If someone could direct me to the right way (maybe with description and some resources on the argument) I would be very happy.

Here is my actual search function:

int Search::search(int depth, int alpha, int beta, Board &board)
{
int bound = Alpha;
int score;

if((score = board.Table.Probe(board.zobrist, depth, alpha, beta)) != TranspositionTable::Unknown)
return score;

if( depth == 0 )
{
score = quiesce(alpha, beta, board);
board.Table.Save(HashEntry(board.zobrist, depth, score, 0, Exact)); // should i save leaf nodes??
return score;
}

int pos = 0;
Move moves[Constants::MaxMoves];

BitBoard attackers = board.KingAttackers(board.KingSquare[board.SideToMove], board.SideToMove);

if (attackers)
else
MoveGenerator::GetAllMoves(moves, pos, board);

BitBoard pinned = board.GetPinnedPieces();

for (int i=0; i<pos; i++)
{
if (board.IsMoveLegal(moves[i], pinned))
{
board.MakeMove(moves[i]);
score = -search(depth - 1, -beta, -alpha, board);
board.UndoMove(moves[i]);

if( score >= beta )
{
board.Table.Save(HashEntry(board.zobrist, depth, beta, 0, Beta));
return beta;   //  fail hard beta-cutoff
}
if( score > alpha )
{
bound = Exact;
alpha = score; // alpha acts like max in MiniMax
}
}
}

board.Table.Save(HashEntry(board.zobrist, depth, alpha, 0, bound));
return alpha;
}


Here is Transposition Table Code:

    TranspositionTable::TranspositionTable(unsigned long size)
{
Size = size;
Table = new HashEntry[size];
}

void TranspositionTable::Save(HashEntry entry)
{
HashEntry* hash = &Table[entry.Hash % Size];

hash->Hash = entry.Hash;
hash->Score = entry.Score;
hash->Depth = entry.Depth;
hash->Bound = entry.Bound;
}

int TranspositionTable::Probe(ZobristKey key, int depth, int alpha, int beta)
{
HashEntry* hash = &Table[key % Size];

if (hash->Hash == key)
{
if (hash->Depth >= depth)
{
if (hash->Bound == Exact)
return hash->Score;
if (hash->Bound == Alpha && hash->Score <= alpha)
return alpha;
if (hash->Bound == Beta && hash->Score >= beta)
return beta;
}
}

return TranspositionTable::Unknown;
}



I made some test, in particular i calculated kNodes per second by incrementing a variable every time i call alphabeta and quiesce:

I got about 3000-4000 kn/s using 32 MB for the transposition table (even if it does not make almost any difference).

My system configuration:

O.S.: Arch linux 64 bit (xfce)

CPU: Intel i5 760 2.80 Ghz (Quad core)

It is fast enough? I'm average with other non professional engines?

thanks all

Edited by crybot

##### Share on other sites
Move ordering is probably the most important part, especially in the quiescence search. MVV-LVA is a simple and effective order for captures. For non-captures, search killer moves first and then everything else in history-heuristic order. You can then try to move captures with negative SEE to the end of the move list, so they are searched after non-captures.

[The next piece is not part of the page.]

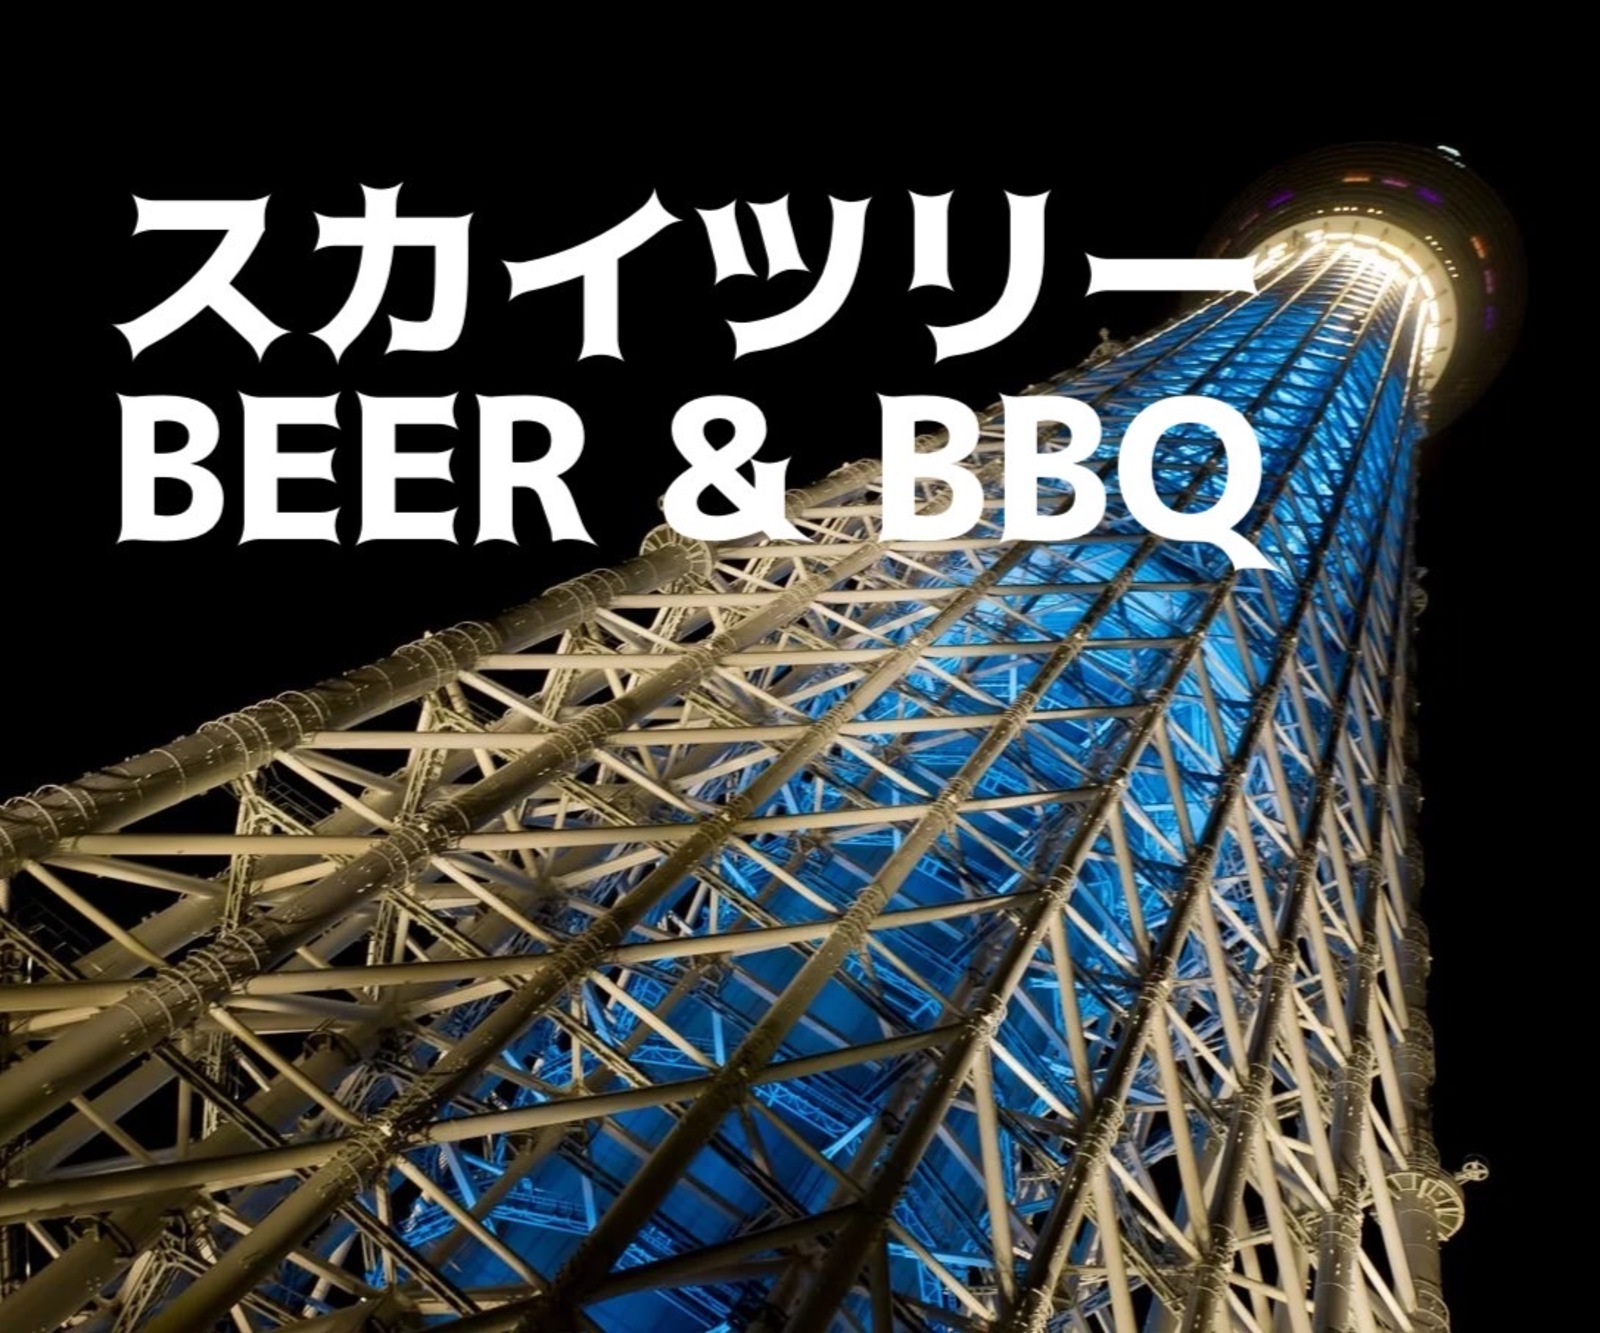 【スカイツリーでBBQ】40代50代★美しい夜景を眺めながら東京最大級のBBQビアガーデンで夏を楽しもう🍻🍖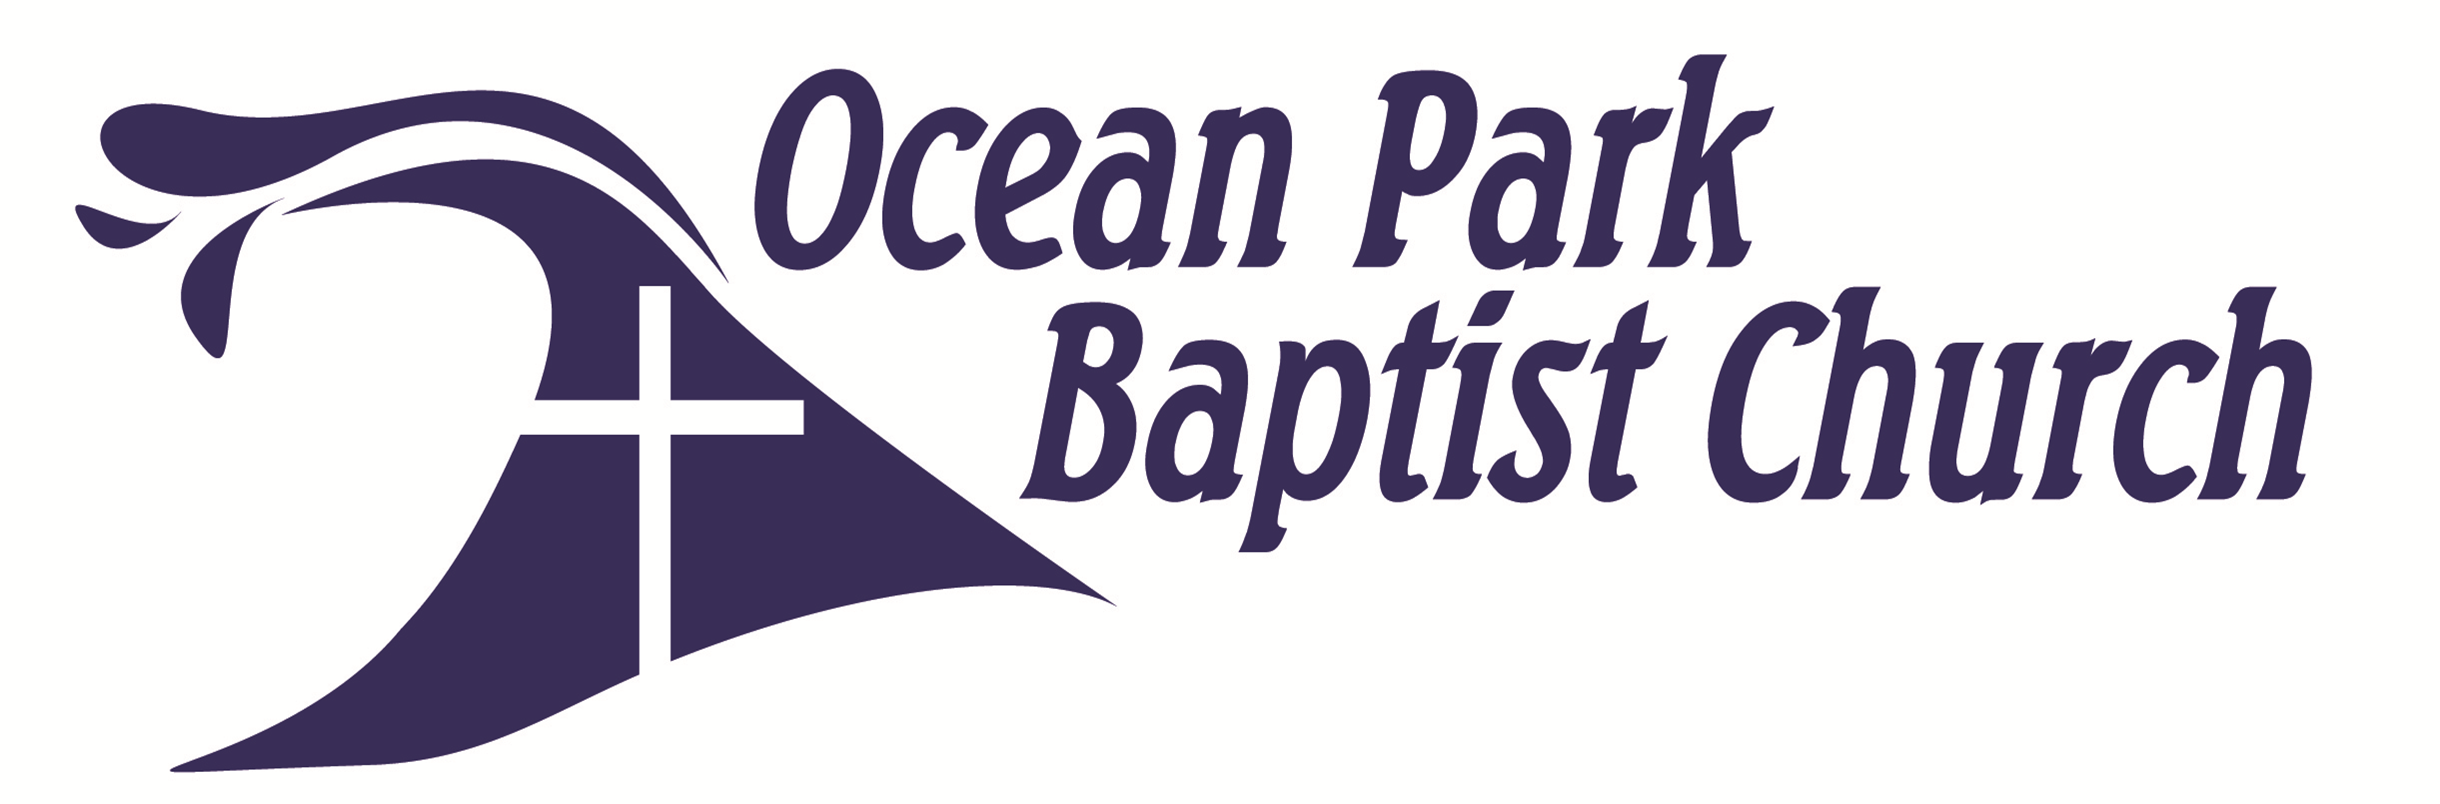 Ocean Park Baptist Church

Ah, and more important than most of those things, you should store the best move in the hash tables, and try it first in case of a hash hit where you cannot just return a score (because of not enough depth or a useless bound).

By the way, perft 6 in 1.2 seconds is pretty impressive, if it's from the starting position. My own engine fits a similar description to yours, and my perft is about 6 times slower than that (although we are not using the same hardware, of course).

##### Share on other sites

Thanks for your answer, now I see all more clear,  but I still have some doubts:

regarding Transposition tables, should i save leaf nodes during alphabeta (and maybe also during quiescence search)? I tried to run the program without saving them and it seems to work faster.

For storing the best move, can i just use the index of the move inside the array?

That's all, thank you, again.

P.S. i forgot one important thing: How can i prove my transposition table is working correctly?

Edited by crybot

##### Share on other sites

Thanks for your answer, now I see all more clear,  but I still have some doubts:
regarding Transposition tables, should i save leaf nodes during alphabeta (and maybe also during quiescence search)? I tried to run the program without saving them and it seems to work faster.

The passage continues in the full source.